Книга: ...Это не сон! (сборник)
Назад: Глава 30
Дальше: Глава 32

Глава 31

– Это что такое? Ты куда идешь? – спросил Ромеш.
– Я вместе с госпожой, – ответил Умеш.
– Я дал тебе билет до Бенареса, а это газипурская пристань. Мы ведь не едем в Бенарес.
– И я не поеду.
Ромешу и в голову не приходило, что Умеш навсегда останется с ними, но непреклонная решимость мальчика озадачила его, и он спросил Комолу:
– Разве Умеша нам тоже придется взять с собой?
– А куда же ему деваться? – ответила Комола.
– У него ведь есть родственники в Бенаресе.
– Нет, он сказал, что хочет быть только с нами. Смотри, Умеш, не отставай от дяди. Место незнакомое, можешь потеряться в толпе.
Куда ехать, кого с собой брать, все это Комола решала теперь сама, словно вдруг пришел конец ее безропотному подчинению желаниям Ромеша. Поэтому теперь Умеш шествовал за ними, держа маленький узелок с платьем, и этот факт не подлежал никаким обсуждениям.
Небольшой домик дяди стоял между старым городом и европейским кварталом. За домом находился сад из манговых деревьев, впереди искусственный грот, дальше, за невысокой оградой, был расположен орошаемый родниковой водой огород, состоящий из нескольких грядок капусты.
На первое время Комола и Ромеш поселились в этом доме. Дядя Чоккроборти любил всем рассказывать о слабом здоровье своей жены Хорибхабини, но посторонний никогда бы не заметил у нее и намека на недомогание. Лет ей, видно, было уже немало, но лицо ее с высоким лбом еще было молодо и энергично, седина лишь слегка тронула ее волосы. Казалось, будто старость уже произнесла над ней свой приговор, но пока не осмелилась привести его в исполнение.
Еще в молодости Хорибхабини терзали жестокие приступы малярии. Чоккроборти считал, что перемена климата излечит ее, переселился с ней в Газипур и занял здесь место школьного учителя.

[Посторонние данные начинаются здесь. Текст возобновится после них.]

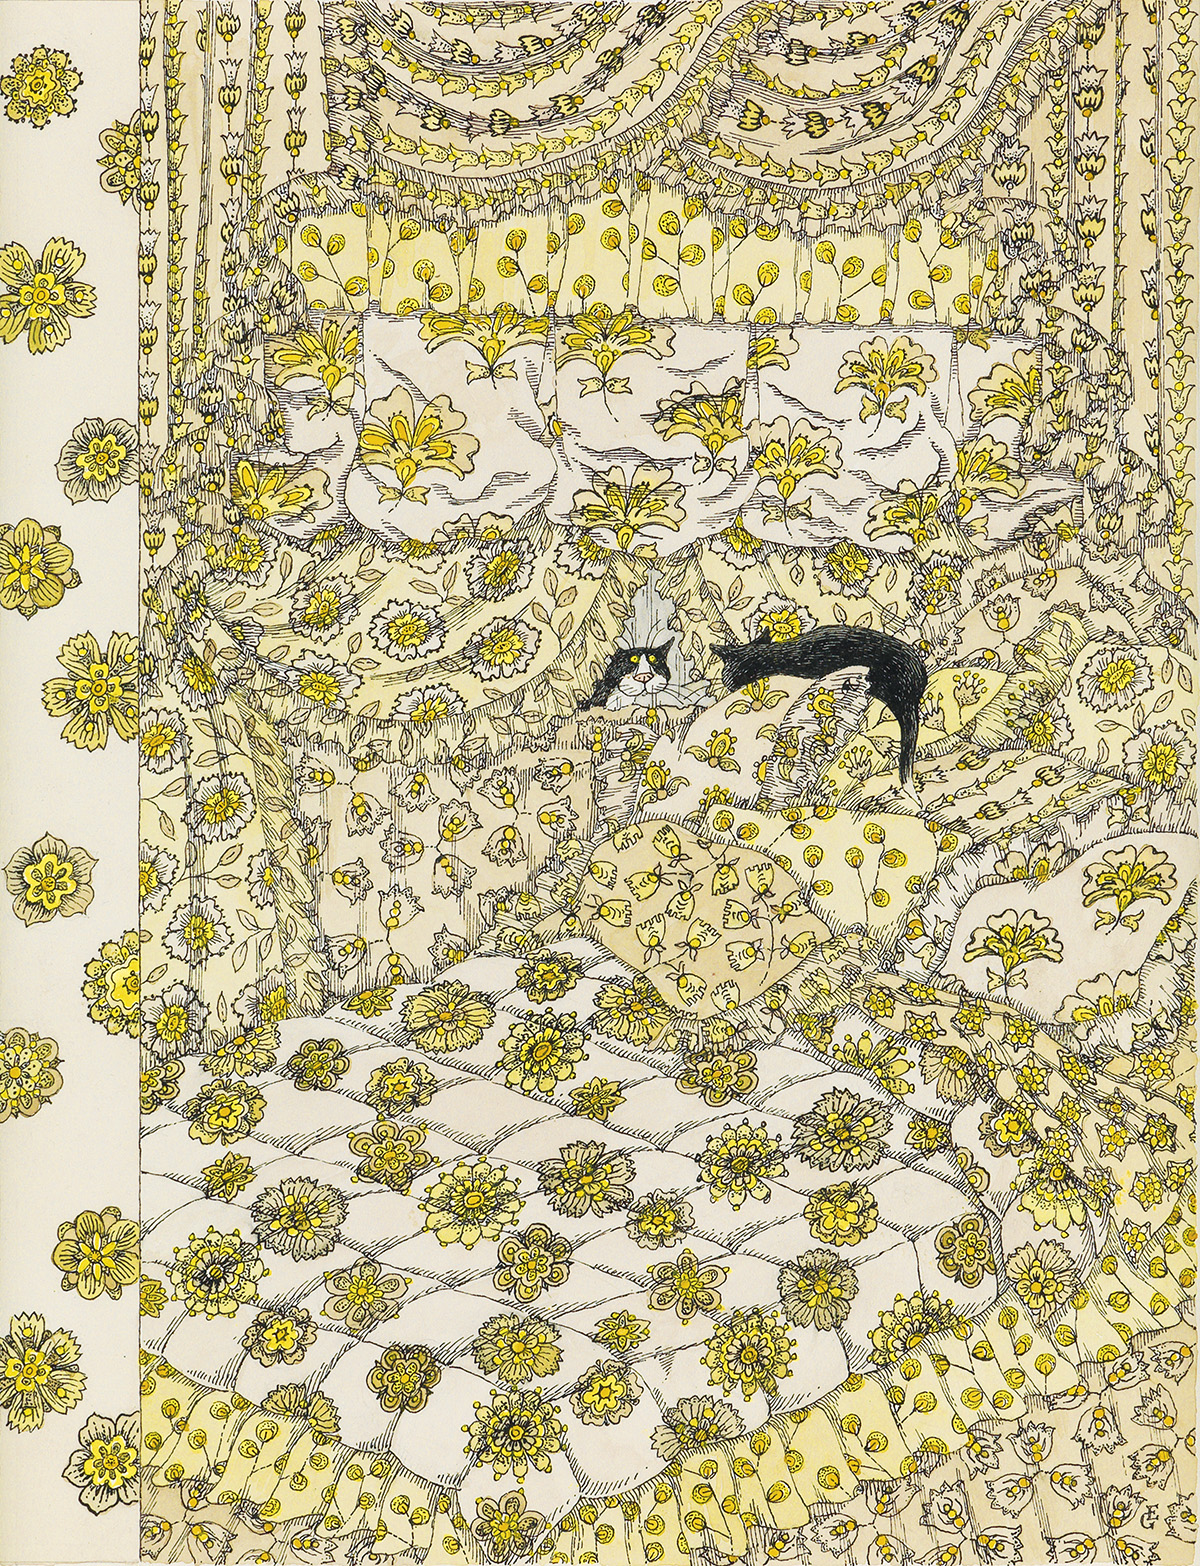 EDWARD GOREY. (THE NEW YORKER / COVER) Cat Fancy.

С тех пор, несмотря на то, что жена совершенно поправилась, он не переставал беспокоиться о ее здоровье.
Оставив гостей во внешней половине дома, он пошел в онтохпур и позвал жену.

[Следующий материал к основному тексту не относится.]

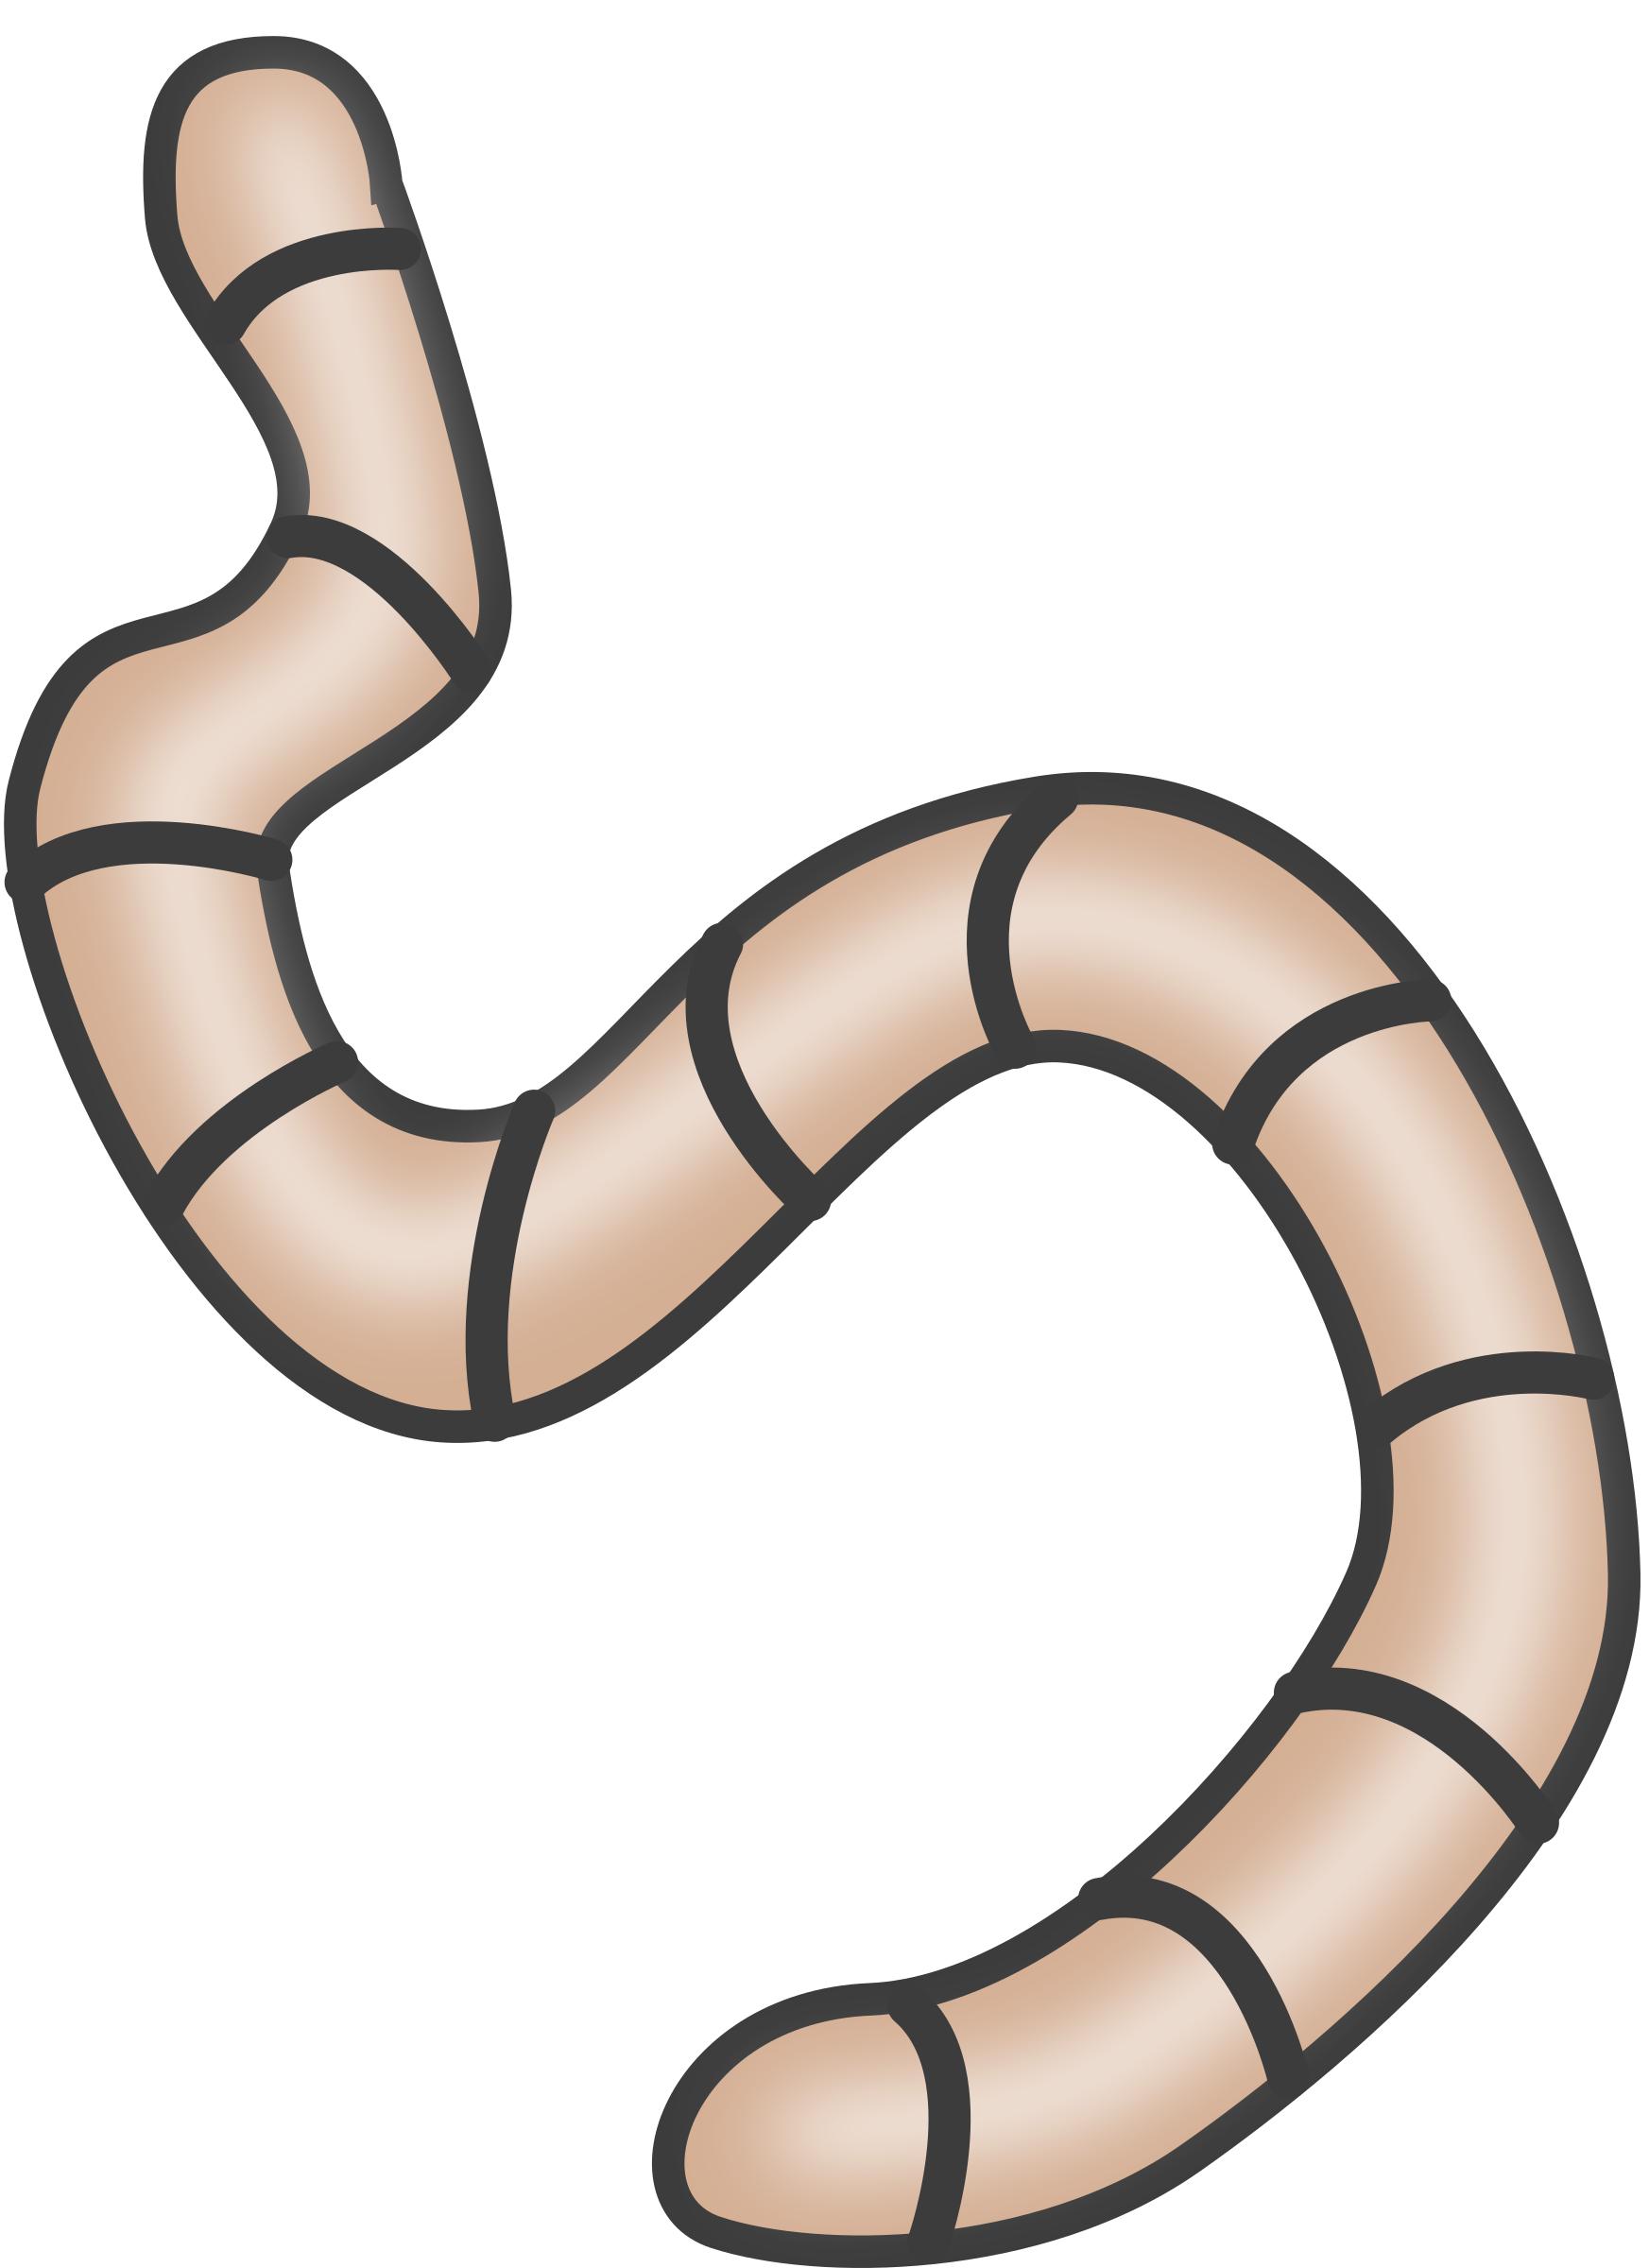 Earthworms png

Хорибхабини молола на огороженном дворике пшеницу и расставляла на солнце кувшины и кухонную утварь.
Войдя, Чоккроборти воскликнул:
– Как же можно так, ведь уже холодно! Не накинуть ли тебе что-нибудь на плечи?
– Все тебе не так! – воскликнула Хорибхабини. – Какой там холод – солнце спину жжет!

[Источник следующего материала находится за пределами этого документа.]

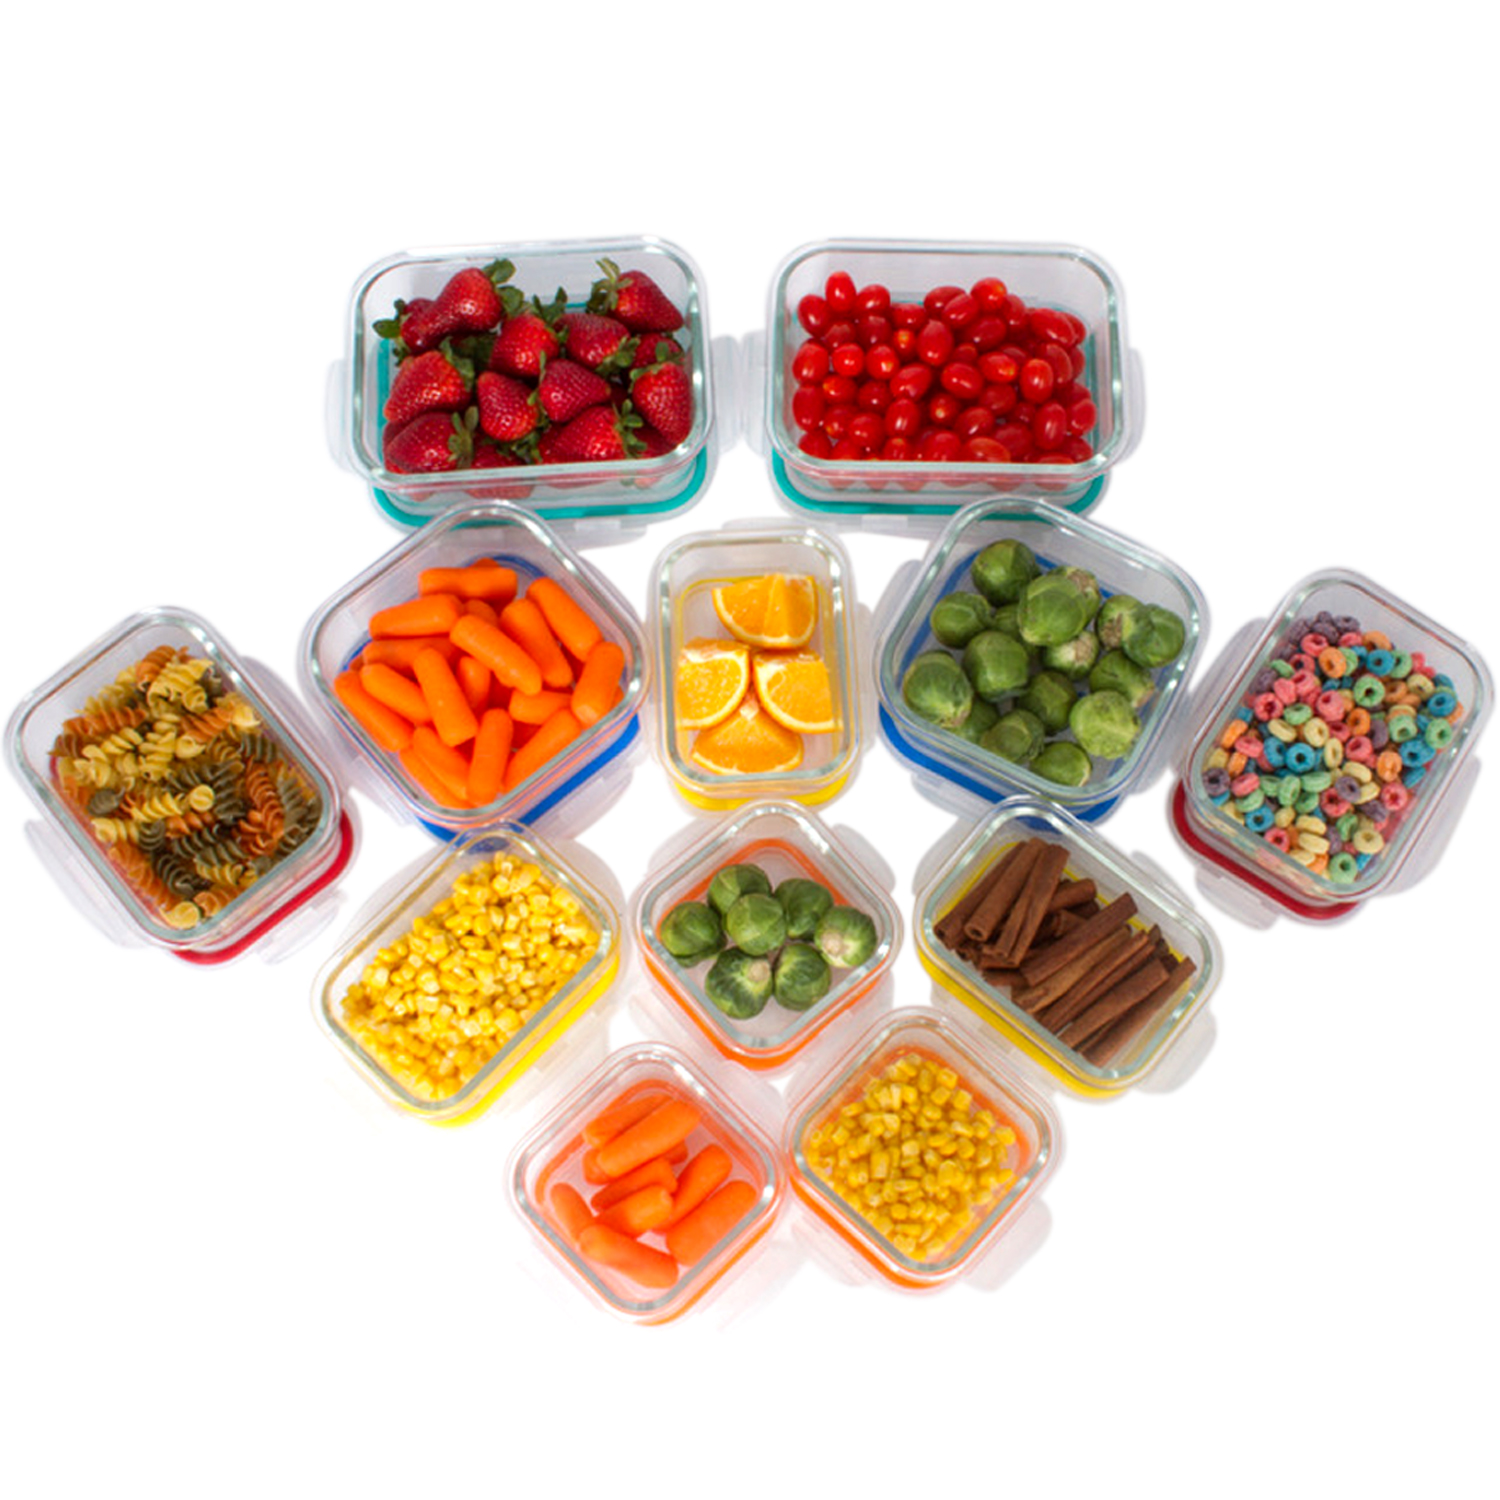 Imperial Home 24 pcs. Glass Meal Prep Storage Container Set W/ Snap Locking Lid - image 5 of 8

– В этом тоже нет ничего хорошего, – как будто тебе трудно стать в тень!
– Хорошо, так и сделаю, а теперь скажи, почему ты так задержался?
– Долго рассказывать. В доме гости, надо о них позаботиться. – И он рассказал ей о своих новых знакомых.
В дом Чоккроборти довольно часто вторгались гости издалека, но Хорибхабини совершенно не была готова принять мужа и жену.
– Боже мой! Где ты поместишь их? – воскликнула она.
– Сначала познакомься, а потом поговорим о том, как их устроить, – ответил Чоккроборти. – Где наша Шойла?
– Купает ребенка.
Чоккроборти тут же привел в онтохпур Комолу. Как только девушка приблизилась и почтительно приветствовала Хорибхабини, та коснулась ее подбородка и затем, выражая свое восхищение, поцеловала кончики своих пальцев.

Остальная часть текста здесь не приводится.